Out-of-hospital cardiac arrests (OHCA) are one of the leading causes of death worldwide. Emergency medical services treat an estimated 30 to 97.1 per 100,000 individuals every year. A critical component of survival is the ECG.
Recently, a multinational PEACE European study found that the earlier the electrocardiography (ECG) acquisition after return of spontaneous circulation (ROSC) in patients who experienced OHCA, the higher the false-positive rate of ECG findings suggestive of ST-segment elevation myocardial infarction (STEMI).
Both the U.S. and European guidelines stress having ECG acquisition after ROSC in order to identify STEMI patients who could benefit from urgent coronary angiography. This is significant because these patients may have significant obstructive coronary artery disease which is the cause of their cardiac arrest.
However, multiple studies have shown that ECGs obtained promptly after ROSC might reflect ST elevation in the absence of significant epicardial stenoses. Collectively, the literature evidence points to variable associations of early post-ROSC ECGs with critical coronary artery stenoses. The consequence is significant heterogeneity in the performance of coronary angiography based on these ECGs.
Currently, neither of the countries’ guidelines offer specific recommendations about the best time for ECG acquisition after ROSC.
Enrico Baldi, MD, of Fondazione IRCCS Policlinico San Matteo in Pavia, Italy, spoke about the percentage of false-positive ECG findings. Among those performed 7 minutes or less after ROSC (18.5%) the false positive was significantly higher than those performed between 8 and 33 minutes (7.2%) and those over 33 minutes (5.8%) after ROSC.
“It may be reasonable to delay post-ROSC ECG by at least 8 minutes after ROSC or repeat the acquisition if the first ECG is diagnostic of STEMI and is acquired early after ROSC,” they wrote.
370 adults who had been resuscitated from OHCA were studied from 2015 to 2018 consecutively. They received a post-ROSC ECG, and underwent coronary angiography at one of three participating high-volume hospitals in Italy, Switzerland, and Austria. Patients had a median age of 62, and most were men (77.6%).
Patients were divided according to their post-ROSC ECGs, namely the 172 that were not diagnostic of STEMI and 198 that did suggest STEMI.
The two groups shared similar characteristics in terms of sex, age, paramedics’ arrival time, bystander CPR rate, and survival outcome.
However, the group with diagnostic ECGs suggestive of STEMI were more likely to have had OHCAs at home and witnessed by emergency medical services. Their initial rhythms were also more frequently shockable. Additionally, they received more shocks delivered and higher doses of epinephrine administered.
Bivariable analysis showed that results remained consistent after adjustment for sex, age, number of segments with ST-elevation 9 (anterior, lateral, posterior, inferior, and right), QRS duration, heart rate, epinephrine administered, shockable initial rhythm, and three or more shocks delivered.
Major limitations of the study were its retrospective design and limited sample, Baldi and colleagues acknowledged.
False-positive ECG findings were higher when ECG was conducted soon after ROSC, such that there was a false-positive rate of 18.5% when ECG time was under 8 minutes.
“This finding supports our hypothesis that, in the early post-ROSC phase, ECG findings could reflect not only the ischemia due to a coronary obstruction but also ischemia due to no blood flow and/or low blood flow during cardiac arrest,” Baldi and team wrote.

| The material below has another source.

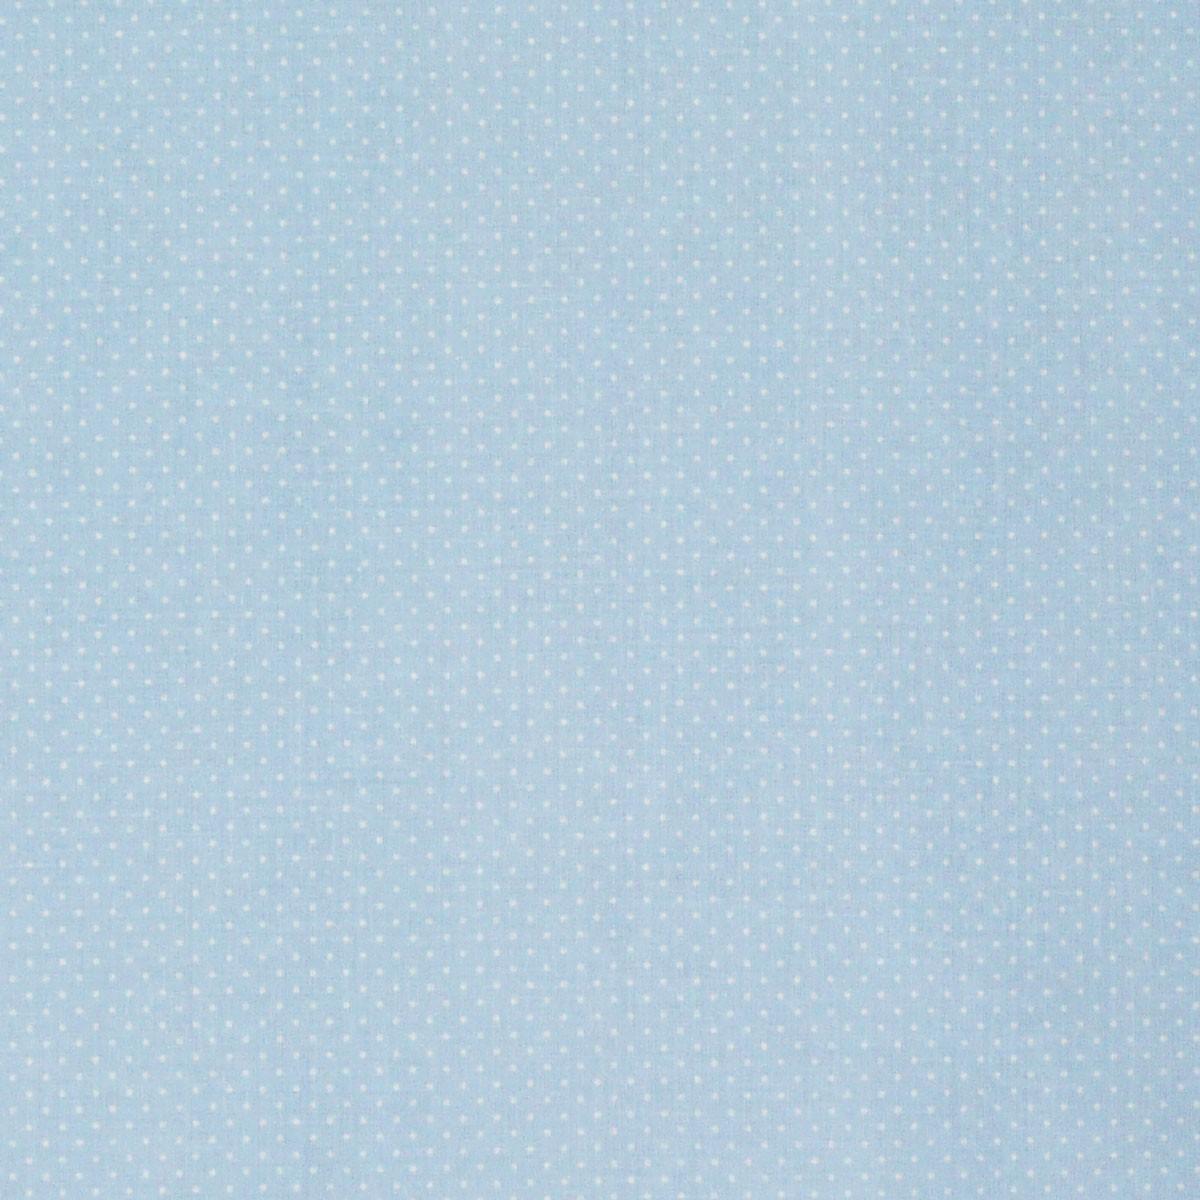 Baumwollstoff Punkte mini Ø 1mm babyblau weiß

There are no rules on the exact timing of ECG acquisition. An immediate invasive approach has not been proven beneficial in patients whose ECG shows no sign of STEMI, except in the case of electrical or hemodynamic instability, the researchers noted.
“[T]he vast metabolic, electrolyte, and electromechanical abnormalities that emerge during OHCA and likely persist after ROSC may cause a greater number of false-positives and false-negatives on early ECG,” wrote Rajat Kalra, MD, and Demetris Yannopoulos, MD, both of University of Minnesota Medical School in Minneapolis, in an accompanying editorial.
The authors of the study felt like assuming a later ECG would be the most practical way after ROSC, but the study also led to greater findings and larger questions. “How do we understand, measure, and limit the metabolic derangement associated with OHCA?” they wrote.
“The most obvious of these steps is to ensure early, high-quality CPR and early defibrillation to maintain adequate coronary and visceral perfusion. While this notion is hardly novel in the field of resuscitation science, the addition of routine mechanical CPR and impedance-threshold devices may further improve the quality of CPR on a population level,” they added.
Other helpful possibilities, they suggested, include the addition of novel agents early after ROSC and the reorganizing of public health infrastructure to promote the transfer of patients to expert cardiac arrest hubs with advanced hemodynamic tools such as extracorporeal membrane oxygenation.
Overall, the study challenges many dogmas associated with resuscitation and can lead to innovations in cardiac arrest in the world to come.